The United Kingdom’s broadcast regulator Ofcom has released a new report on UK media. Among the findings: the average income for a community radio license in 2012 declined by 5.4% to £57,000, despite the fact that total revenue for the country’s 207 community stations grew to £10.5 million.
Why the seemingly contradictory pattern? As we’ve noted in earlier posts, the UK has been authorizing new community radio stations at a record pace. The country now has 207 of them, and is launching a new one on average every 13 days. But thanks to the global recession, grant income for these stations has declined. Most grants come directly from the UK’s central government, local and municipal agencies, or Ofcom’s Community Radio Fund.

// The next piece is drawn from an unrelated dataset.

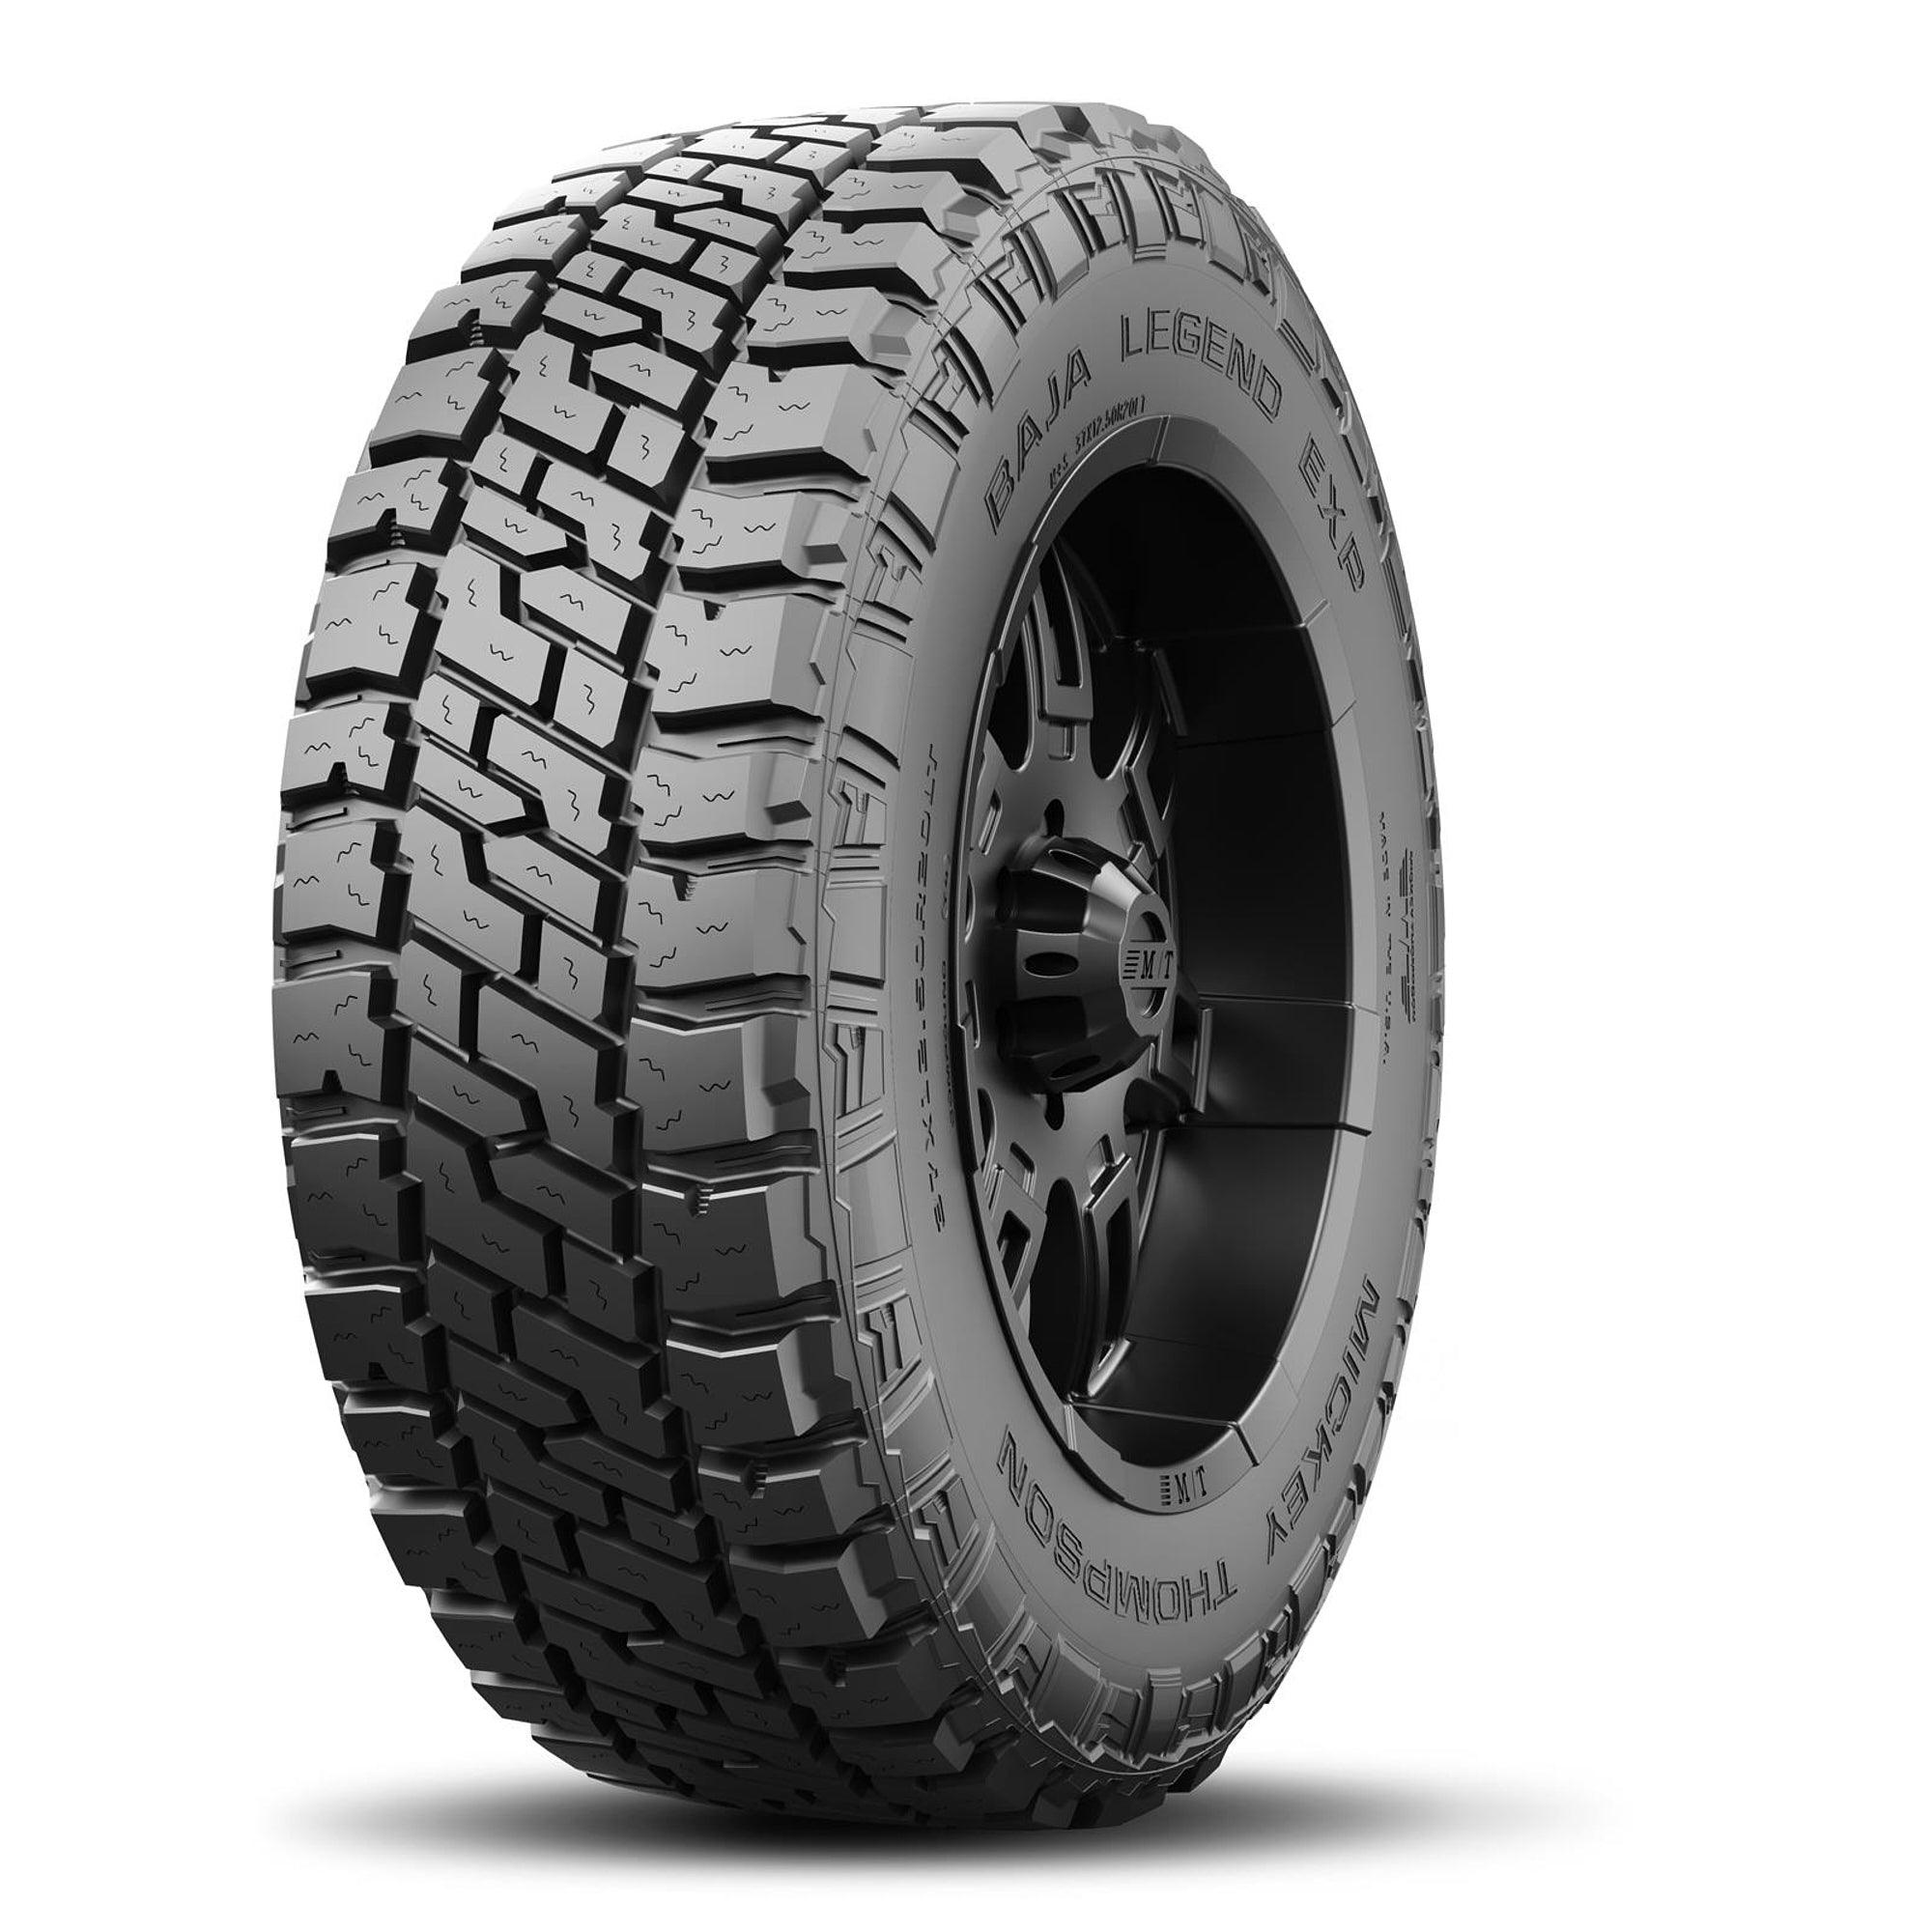 Baja Legend EXP Tire LT295/65R20 129/126Q - Burlile Performance Products

The last mentioned grantor does still give out awards. Earlier this month a dozen stations received some CRF love, among them Leicester’s “Takeover Radio,” a children’s community station. But, not surprisingly, this kind of largesse is harder to come by these days. The CRF now focuses its grants on funding community radio staffers who specialize in generating income elsewhere.

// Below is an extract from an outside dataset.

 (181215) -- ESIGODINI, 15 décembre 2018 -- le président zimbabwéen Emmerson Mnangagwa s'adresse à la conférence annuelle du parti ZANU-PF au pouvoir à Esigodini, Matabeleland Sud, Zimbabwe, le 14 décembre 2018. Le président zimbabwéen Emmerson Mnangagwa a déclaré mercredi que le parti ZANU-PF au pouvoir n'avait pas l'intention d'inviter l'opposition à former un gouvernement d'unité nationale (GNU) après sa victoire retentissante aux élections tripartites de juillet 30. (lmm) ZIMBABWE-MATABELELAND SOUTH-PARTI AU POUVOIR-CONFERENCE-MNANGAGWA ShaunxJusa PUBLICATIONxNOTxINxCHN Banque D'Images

As a result, in 2012: “For the first time income from grants and income from on-air advertising and sponsorship were equal, at 29% each,” Ofcom notes.
The pie chart on the right shows some interesting trends. As Ofcom notes in the report, community radio stations that serve cities generate the most income, over 40 percent of it from grants. Stations that focus on ethnic minorities sell the most advertising. “The trend remains for stations serving religious communities to receive the largest single part of their income, 36%, from donations.”